Pearson's Anderson said that in planning the new test, the recording was viewed as key by admissions officers. The recording will not be reading, but will be of the candidate responding to a prompt requiring analytic thought and explanation -- something comparable to what a student might experience in a classroom.
"It's very clear that admissions departments see a value in hearing speech," he said. While the Pearson test will also have scores, admissions offices can decide for themselves what they think of an applicant's speaking ability. He noted that some admissions officers now will call applicants for the same reason, but that the test would be more consistent.

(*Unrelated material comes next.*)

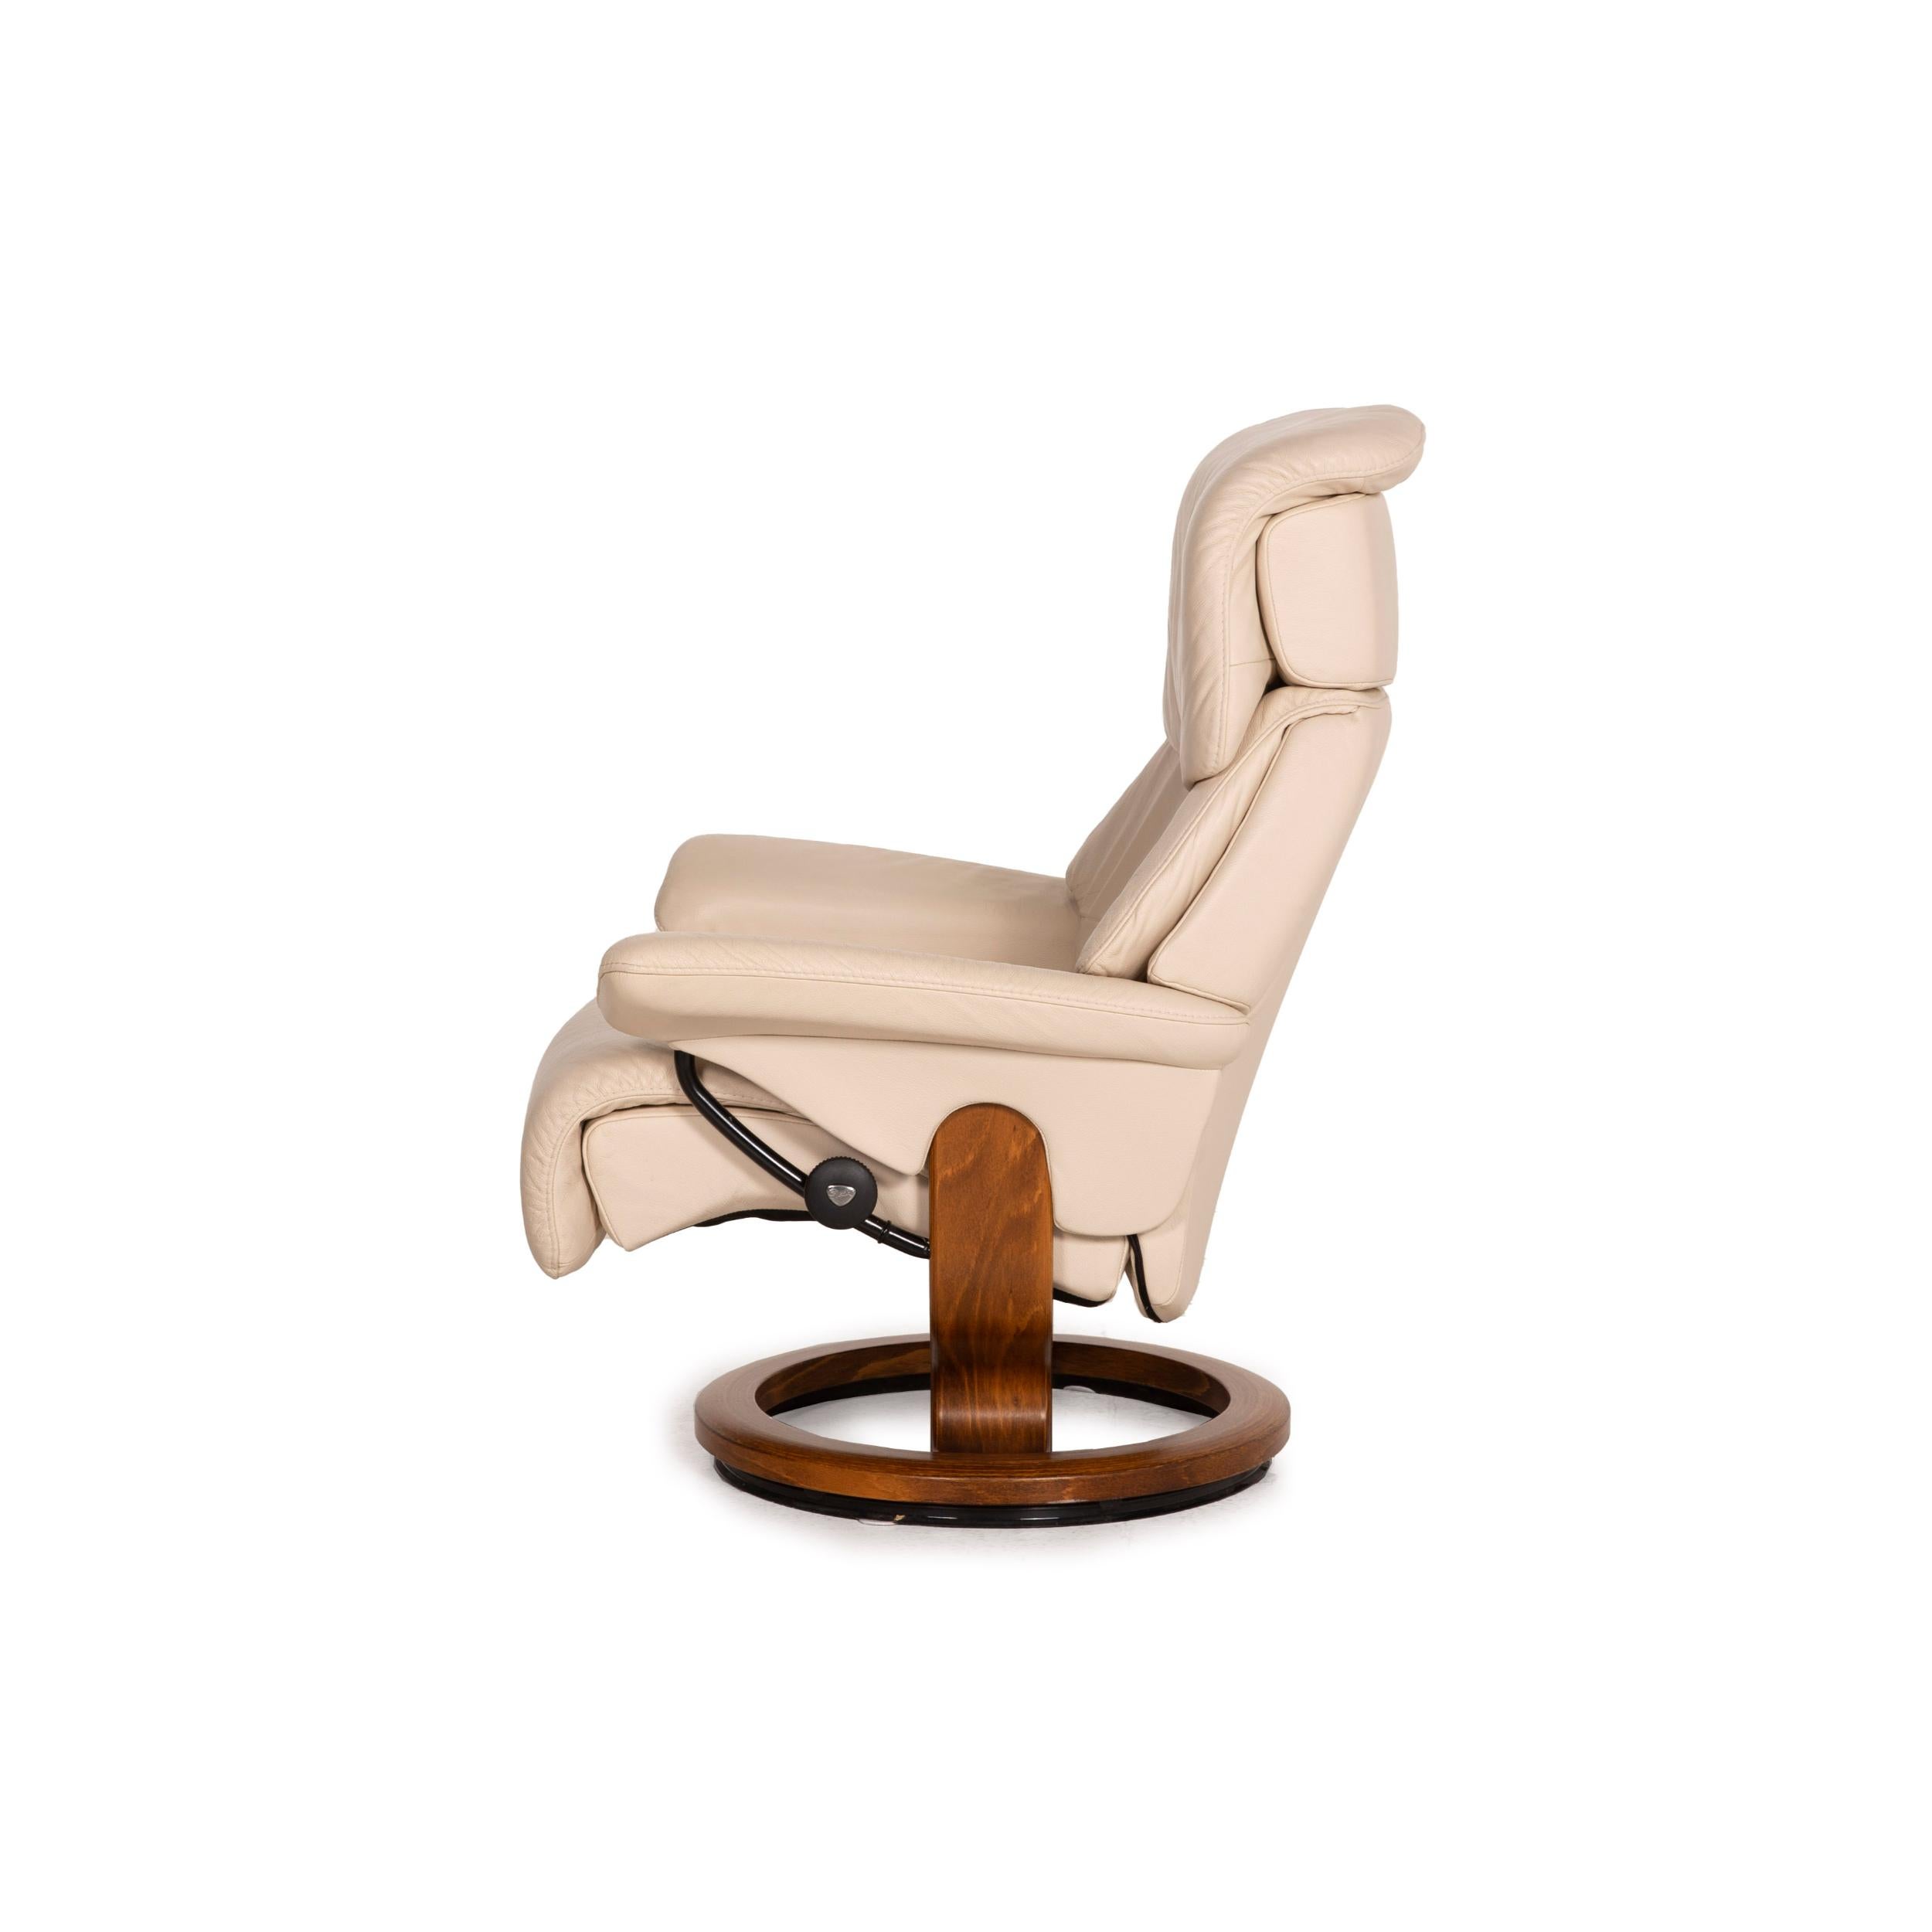 Stressless Vision Leather Armchair Cream Incl. Stool Relaxation Function 6

Tyson, of ETS, questioned whether the judgments of these recordings would add much. She noted that TOEFL has a speaking test, which is scored by professionals who are trained to do so. "I'm not sure an average person would have the same level of knowing how to evaluate a spoken response as opposed to someone who has been trained," she said.

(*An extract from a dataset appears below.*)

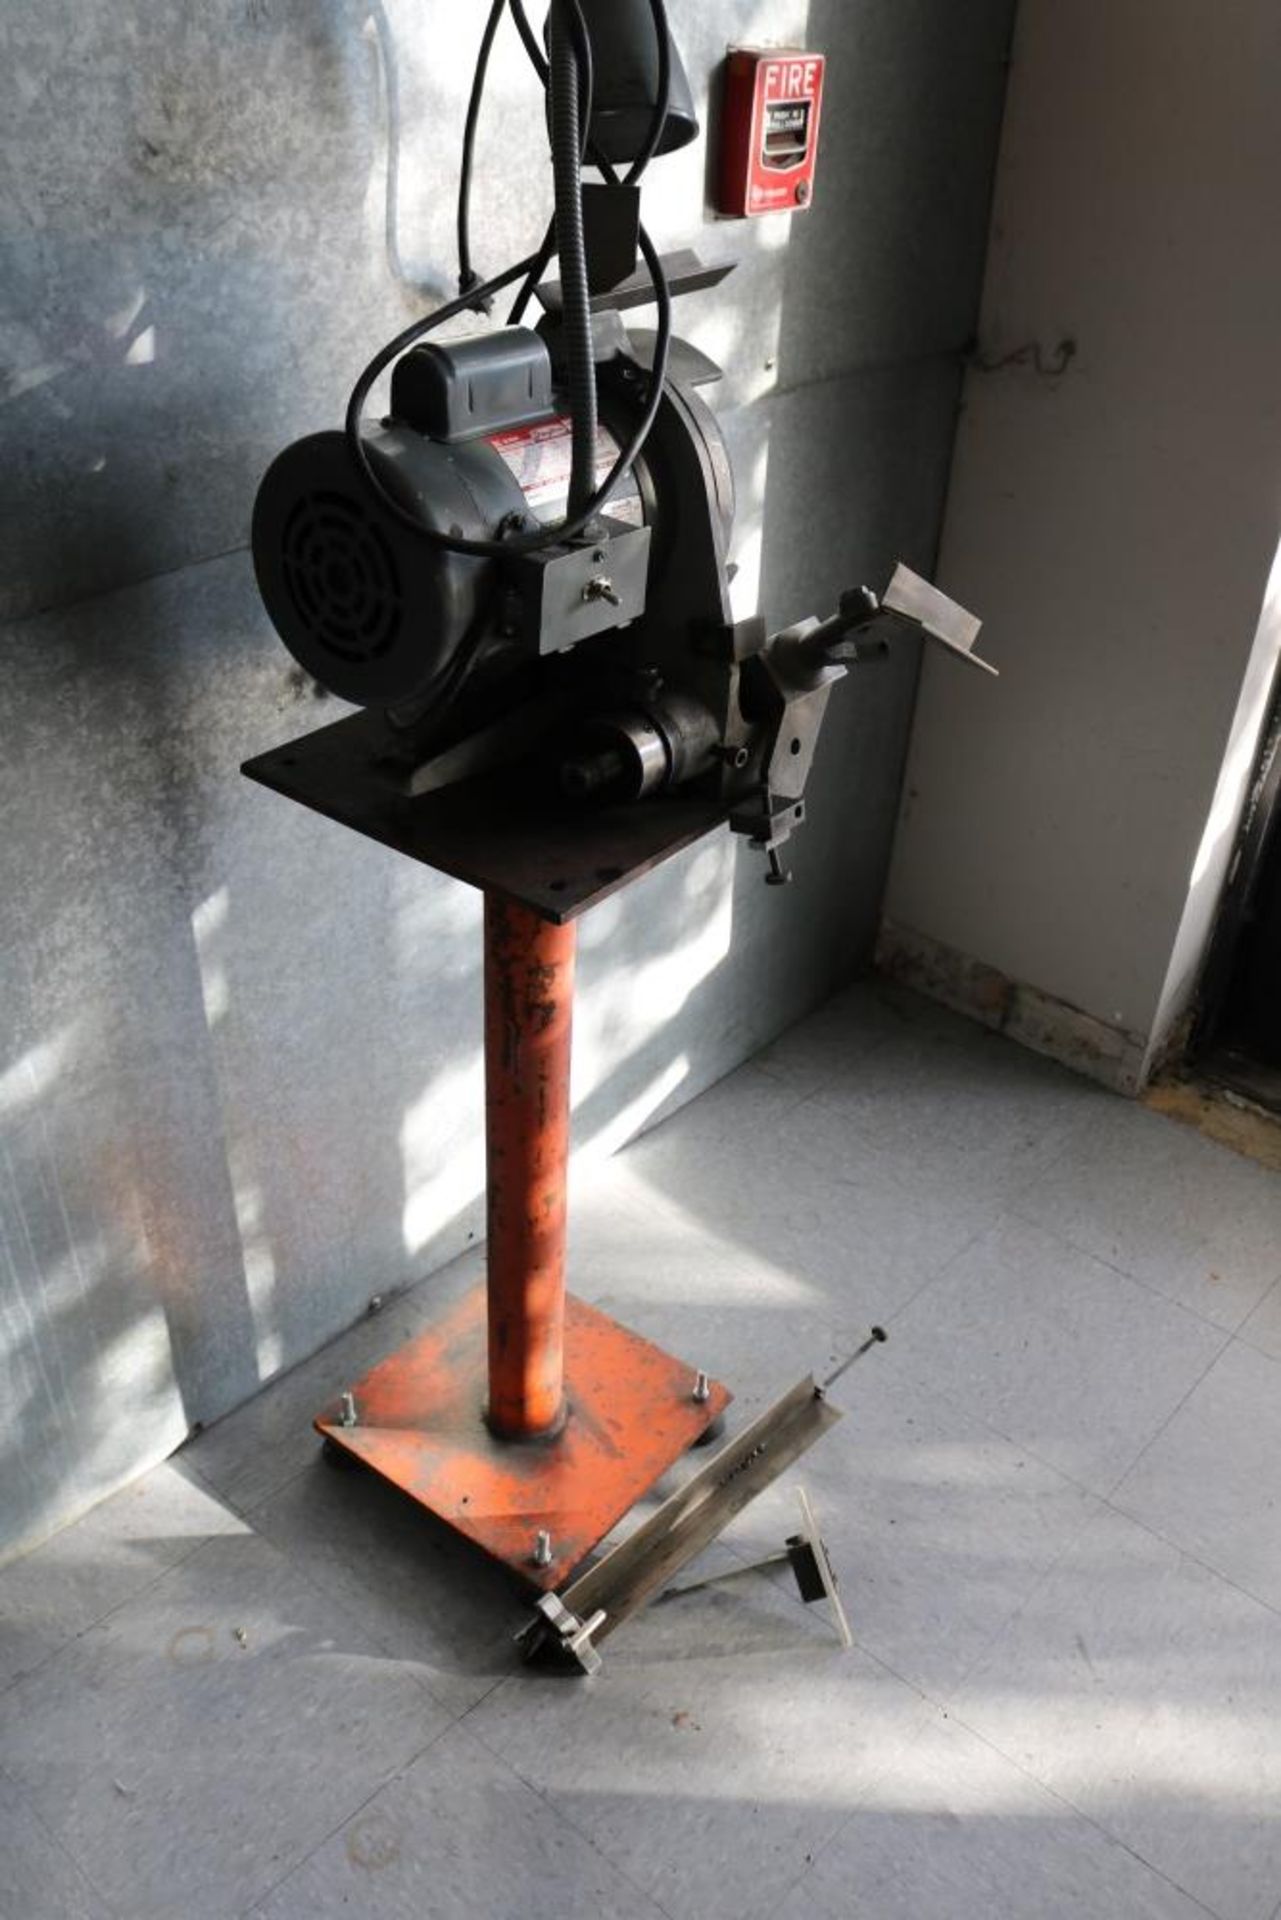 The "Champ" Model/6K197B Die Grinder, 1 HP, Drill Grinder with Attachments on Stand - Image 6 of 9

But Anderson said that wasn't an issue. "I don't think you need training," he said, to determine whether someone talking can communicate effectively.
Generally, Anderson said, the new Pearson test, like its competitors, will cover reading, writing, listening and speaking. And he stressed that it would feature "international English," such that some passages or audio might feature the accents one might find in Illinois and others would feature those one would find in London. It is not being designed with an assumption that students are necessarily headed for one country or another. An FAQ prepared by Pearson on the new test may be found here.
On pricing, all Pearson will say for now is that it will be competitive. Pricing has been a controversial issue because students taking these tests come from countries with widely varying economies. Until 2006, TOEFL had a flat rate and some admissions officers who started to support IELTS did so because of its sliding scale of fees. Now TOEFL fees show variation, with a basic test costing $185 in Germany and $155 in Guatemala, for example. While Anderson declined to discuss specifics about pricing, he said that Pearson would be "broadly competitive and that means being broadly competitive wherever the test is offered," and that the company has no plans for "a single international price."
Tyson of ETS said that based on what she has heard about the Pearson exam, "We're still convinced that TOEFL is more authentic about what goes on in the classroom." She stressed that a big part of TOEFL today is "integrative knowledge" in which questions are based on both listening and reading material and then responding to it. "We have very rigorous, sophisticated test questions."
Before ETS introduced its speaking test in 2005, she said some officials pushed for some way to measure how would-be students actually communicate. But she said that when ETS presented the test to business school officials, they said, "This is what we want."
On one topic, the representatives of Pearson and ETS agreed: The market of people from all over the world who want to enroll at an English-speaking college is only going to increase.